## SUPPLIED RECORDS
* * * *

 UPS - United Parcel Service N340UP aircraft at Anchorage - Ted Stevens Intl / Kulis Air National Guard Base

* * * *

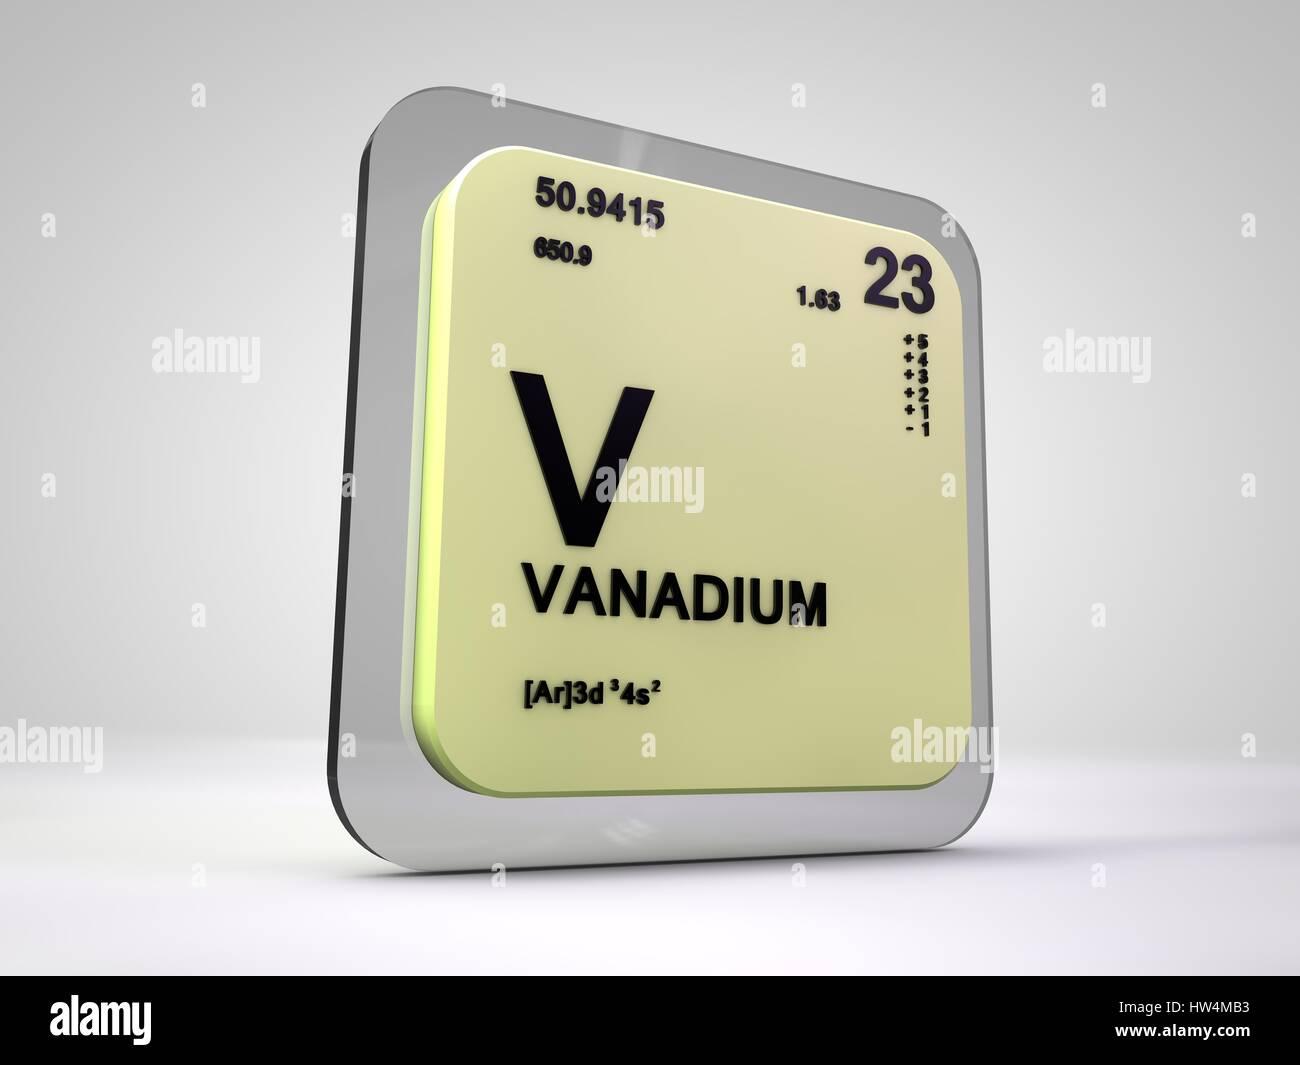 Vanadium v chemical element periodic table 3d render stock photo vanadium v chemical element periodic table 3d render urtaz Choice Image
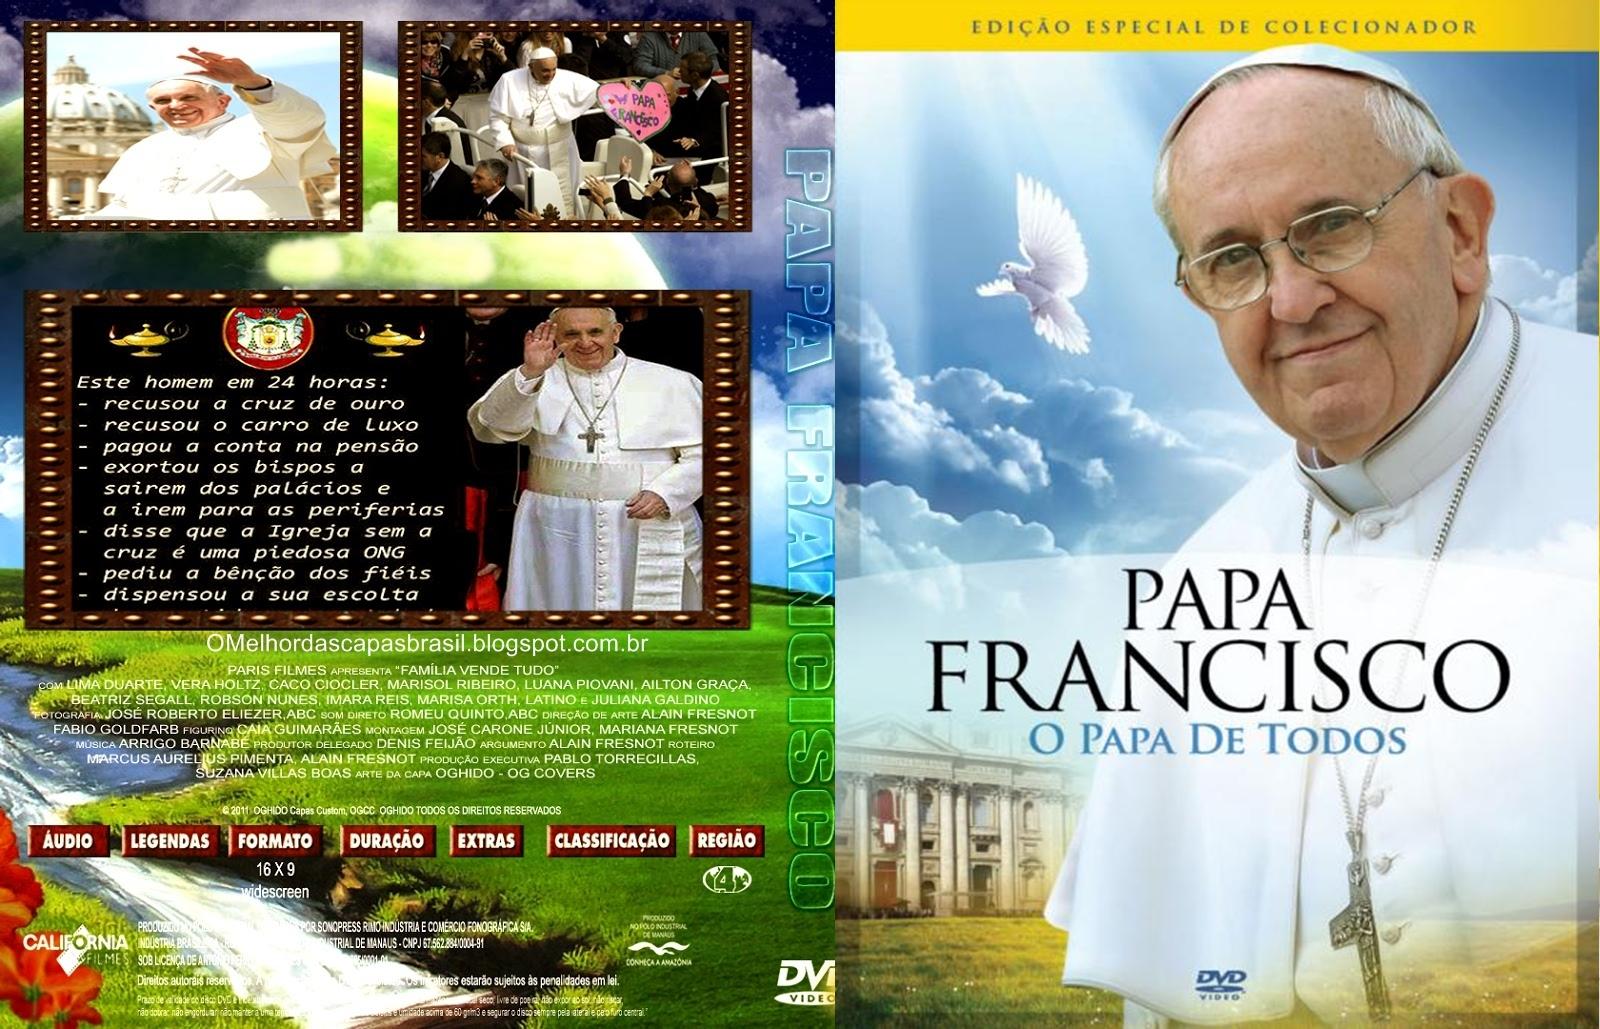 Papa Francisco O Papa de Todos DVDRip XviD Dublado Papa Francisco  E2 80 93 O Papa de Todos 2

* * * *

## DESCRIPTION OF THE TASK
Look through the listing above for the line with "Vanadium v chemical element periodic table 3d render stock" and the line with "Papa Francisco O". Write out exactly those lines and everything between, leaving out pictures.

## YOUR RESPONSE
 Vanadium v chemical element periodic table 3d render stock photo vanadium v chemical element periodic table 3d render urtaz Choice Image
 Papa Francisco O Papa de Todos DVDRip XviD Dublado Papa Francisco  E2 80 93 O Papa de Todos 2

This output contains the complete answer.